I'm really enjoying the Boellstorff book 'Coming of Age in Second Life'. I thought that this was right on the button: 'Second Life culture is profoundly human. It is not only that virtual worlds borrow assumptions from real life; virtual worlds show us how, under our very noses, our "real" lives have been "virtual" all along. It is in being virtual that we are human: since it is human "nature" to experience life through the prism of culture, human being has always been virtual being. Culture is our "killer app": we are virtually human.' (Boellstorff, 2008). And that's only p.5...can't wait for the rest!

Wednesday, December 02, 2009

Facebook power



I learnt today that PGCE students compare school placement experiences through Facebook. Well I expect they’ve been doing it for some time, but the difference is that now the staff have cottoned on! So there’s a sort of student backchannel that exposes the wide variety of provision and experience. Ofsted would love access to this to drill through the glossy veneer of ‘partnership’ which ITE institutions are forced to present! Hearing this made me think how powerful social media can be. In earlier times ITE could operate a sort of divide and rule approach. Just as long as students were isolated in their various placement schools, they could be encouraged to get on with it and to see the local reality as the only reality. Of course they shared stories with friends, met up in pubs and commiserated with each other by phone, but the Facebook network is far more powerful. They are more widely and more publically connected and their conversations build. I expect we’ll be starting to advise students not to use Facebook soon, if indeed we aren’t already doing so. I mean if you ‘have to have a photo taken of you clutching your handbag, mascara running, asleep in the corridor when you were too drunk to make it back to your room’ (Miller, 2010:114) then what’s the point in having a reference?

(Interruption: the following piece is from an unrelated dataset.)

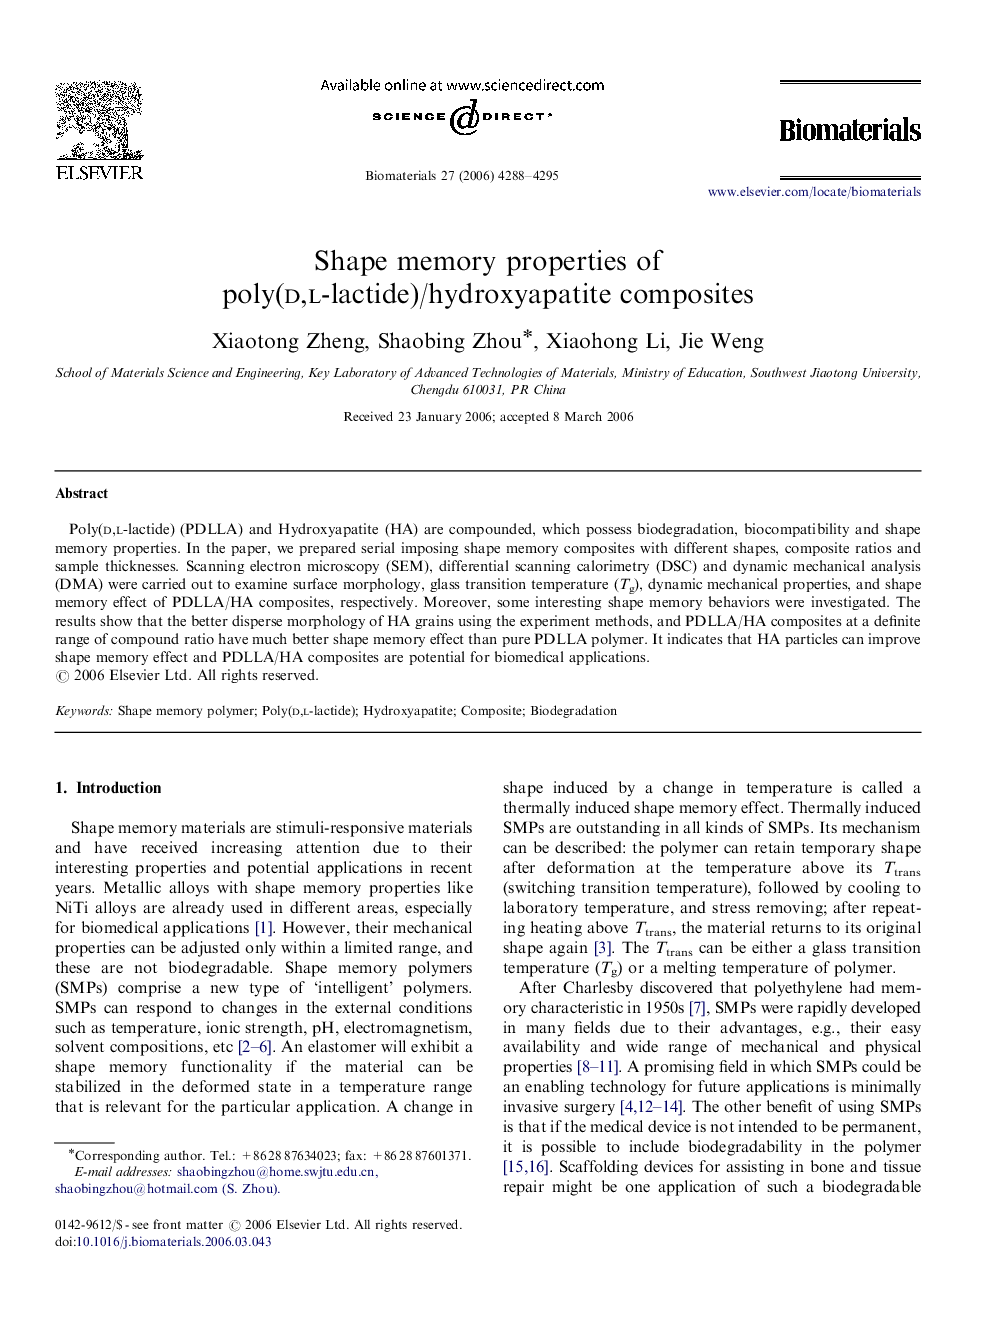 Shape memory properties of poly(d,l-lactide)/hydroxyapatite composites

Tuesday, December 01, 2009

Linked



These last three posts under the title of 'Making it' are just ways of trying to figure out some connections between how stuff is produced, its history and the various roles of people and technologies. If the bookcase began with a plan, or a script, in the form of a text, it took human labour and the control of particular kinds of tools to produce. It grew out of a specific event or performance, in a particular time and now continues to perform a function. And presumably the rock band also started with plans or scripts - a number of different texts, musical, visual, gestural - and even, sartorial. Control of the musical tools is required for production as well as video tools to capture the performance. It presumably grew out of a rehearsed, a practised performance and continues to perform the function of entertainment. And so, too, the dance video, inspired by earlier texts or cultural forms, it is a performance at the practice stage. People and practices are central to all three performances, but they each involve intricate connections between texts and tools and all have there own history and temporal tragectories. The stuff we are left with seems to carry all the traces of prior activity, is conditioned by it and it turn conditions future activity.